The final whistle led to an outburst of emotion from Mitchell, appearing troubled as both sides departed into the dressing rooms. That anguish was confirmed as dressing room cameras picked up the 23-year-old in tears as Bennett and teammates rallied around to console him.
Bennett spoke out against questions from the media following the game, claiming that it was none of their business. However, in this day and age with dressing room cameras fixated on players’ body language and emotions, unfortunately for Mitchell, his reaction was always going to be brought up by the media.
Of course, being able to broadcast the dressing room gives fans and pundits an insight into what goes on off the field, from coaches’ team talks to preparation and rituals. But, sometimes, common sense should prevail and events such as this should not be broadcast, especially when Mitchell’s outpouring of sentiment stems from the fact that he has been unable to see his family due to strict NRL protocol.
.@FOXSportsAUS boss Steve Crawley outlines why dressing room cameras are key to broadcast coverage @telegraph_sport https://t.co/Mz5RGzJuo7
— David Riccio (@DaveRic1) June 20, 2020
Players are human too; yes, training in a bubble can be good for team morale, but for those that are away from their family, it can be a very difficult time too. Mitchell is only 23; being in the limelight from such a young age will take its toll and being evidently close to his family will only exacerbate that.
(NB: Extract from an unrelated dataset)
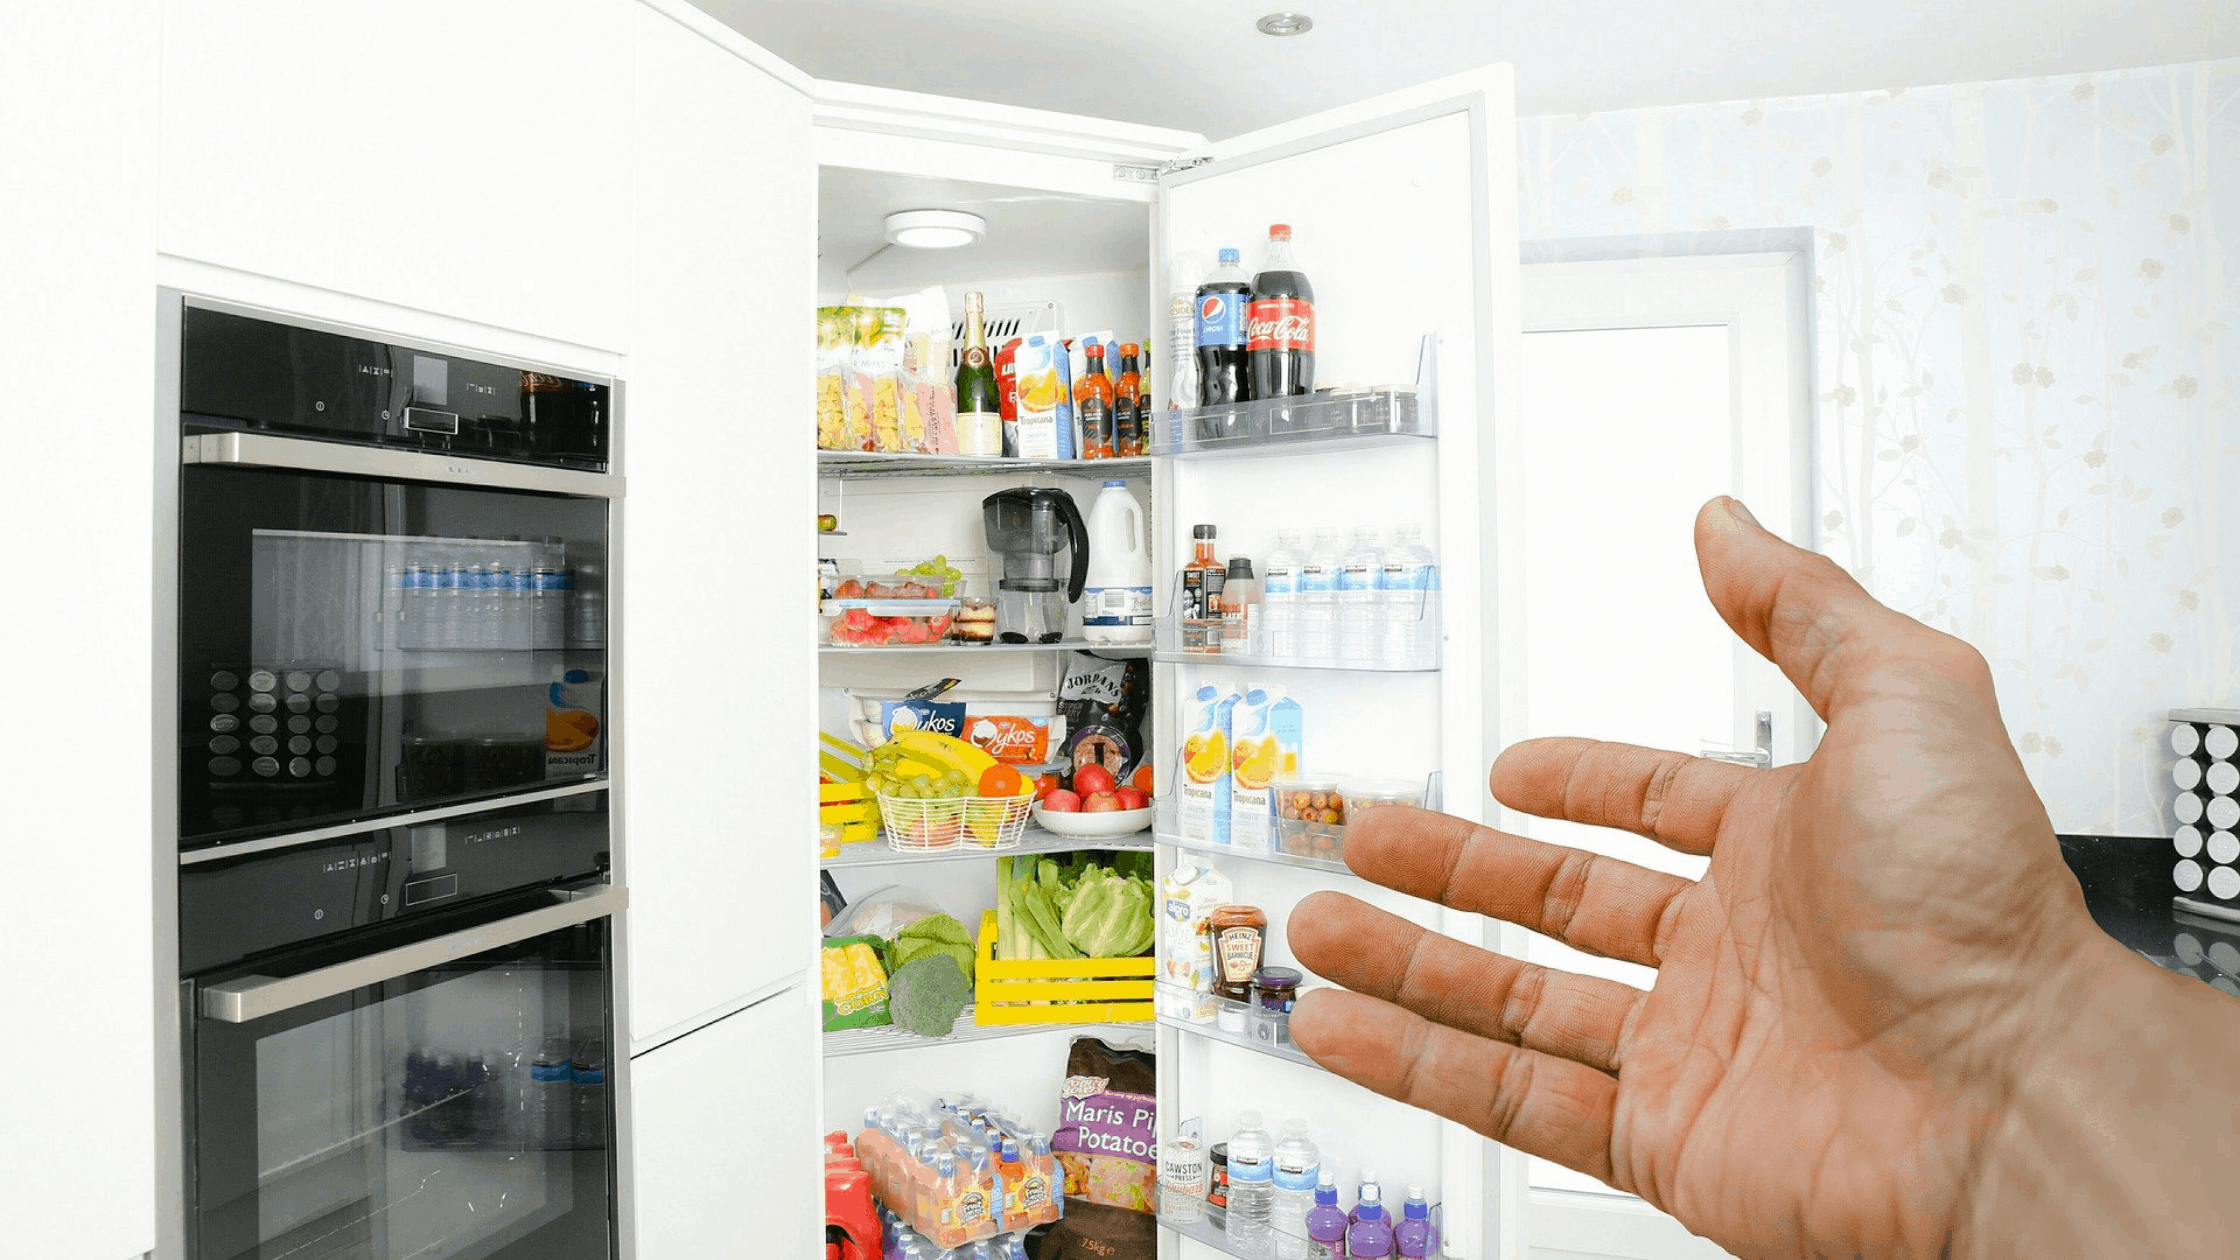 How to quiet a refrigerator noise

Gone are the days that the dressing room was seen as a place to escape from all the attention, but that doesn’t mean that everything that goes on in there needs to be highlighted. This is particularly true when upsetting scenes such as those broadcasted on Friday night are raised in a post-match conference.
Let players show their emotions; there is no doubt that Mitchell has an incredibly supportive group around him, but that doesn’t mean that sometimes things get too much. After all, everybody knows that.
Dressing room cameras are unlikely to go away anytime soon – if at all in the future – but what can change is the hysteric reaction to a 23-year-old missing his family.